1. The act of adopting, or the state of being adopted; the taking and treating of a stranger as one's own child.
2. The receiving as one's own, what is new or not natural.
3. God's taking the sinful children of men into his favor and protection.
Adoption of arms, an ancient ceremony of presenting arms to one for his merit or valor, which laid the person under an obligation to defend the giver.
Adoption by baptism is the spiritual affinity which is contracted by god-fathers and god-children, in the ceremony of baptism. It was introduced into the Greek church, and afterwards among the ancient Franks. This affinity was supposed to entitle the god-child to a share of the god-father's estate.
Adoption by hair was performed by cutting off the hair of a person and giving it to the adoptive father. Thus Pope John VIII adopted Boson, king of Arles.
Adoption by matrimony is the taking the children of a wife or husband, by a former marriage, into the condition of natural children.
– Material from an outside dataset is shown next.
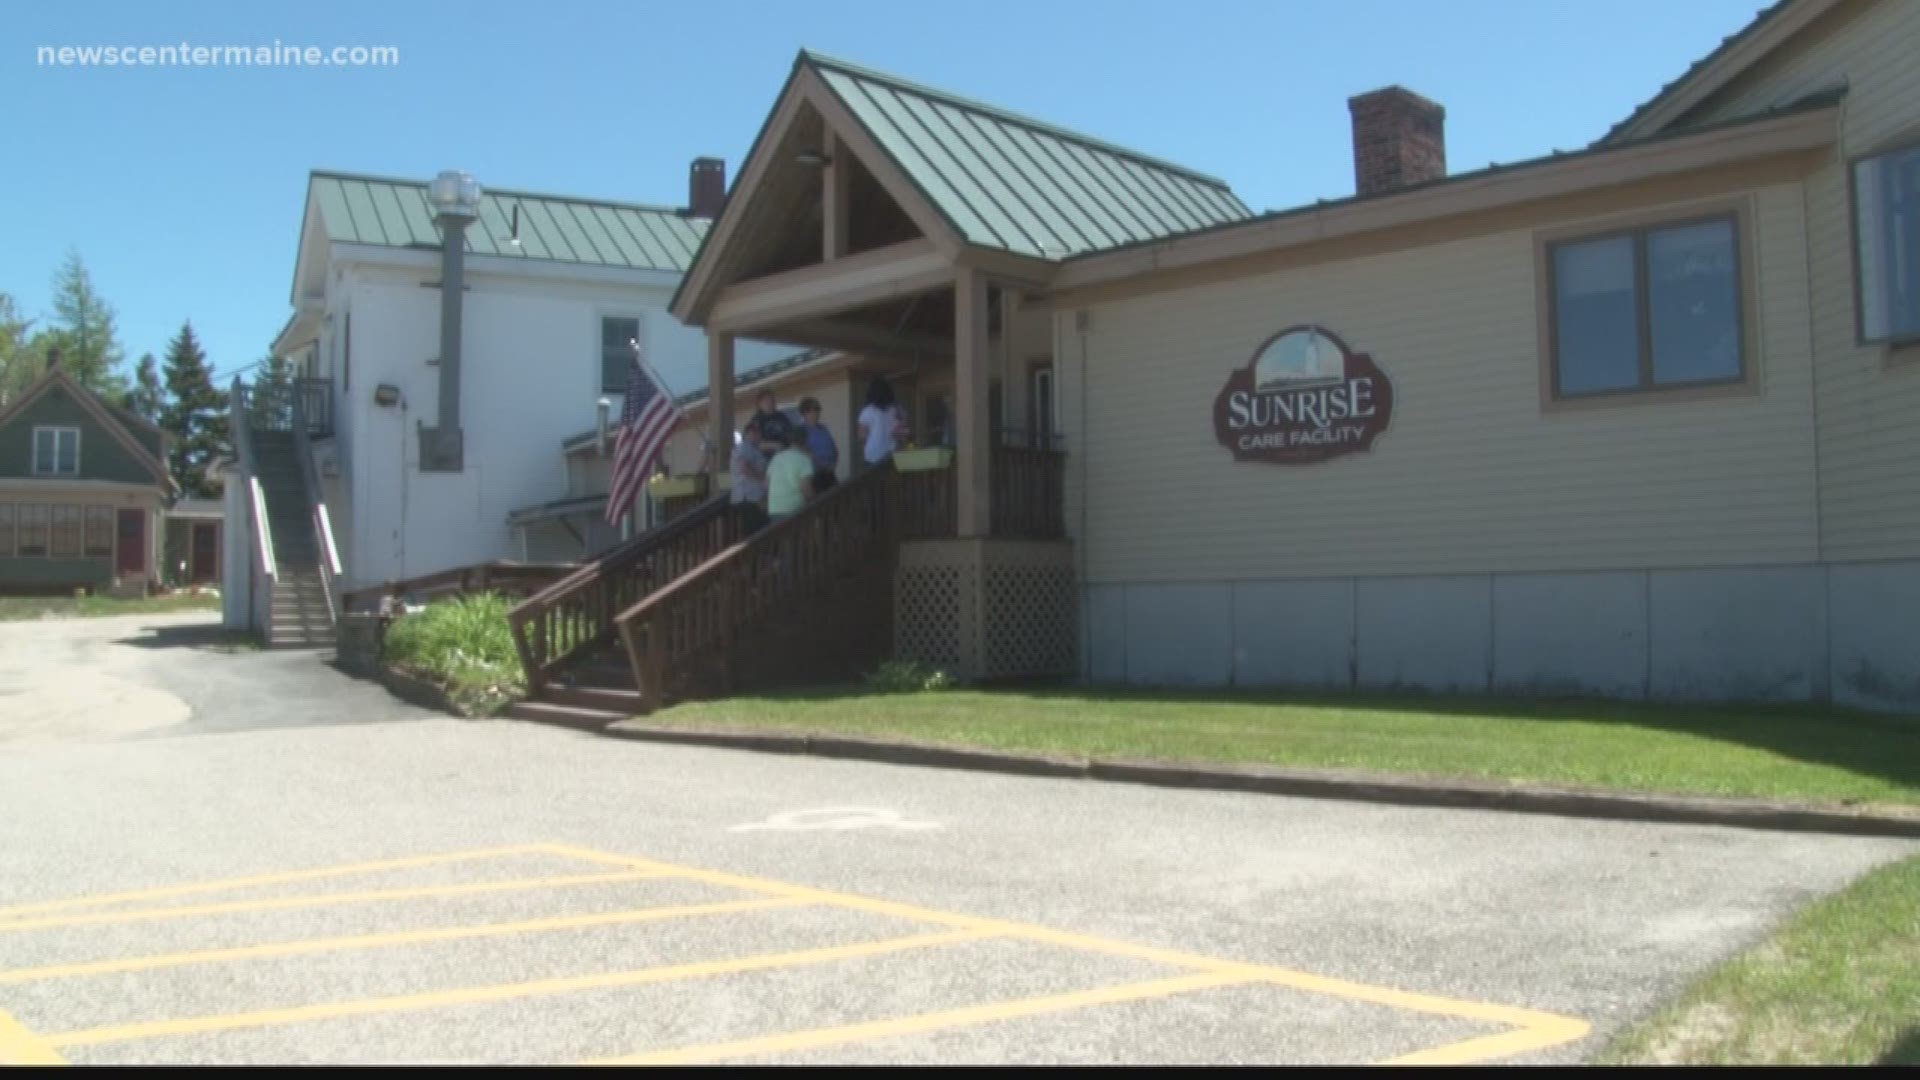 Community pushes back against planned closure of facility

This is a practice peculiar to the Germans; but is not so properly adoption as adfiliation.
Adoption by testament is the appointing of a person to be heir, by will, or condition of his taking the name, arms, _c. of the adopter.
In Europe, adoption is used for many kinds of admission to a more intimate relation, and is nearly equivalent to reception; as, the admission of persons into hospitals, or monasteries, or of one society into another.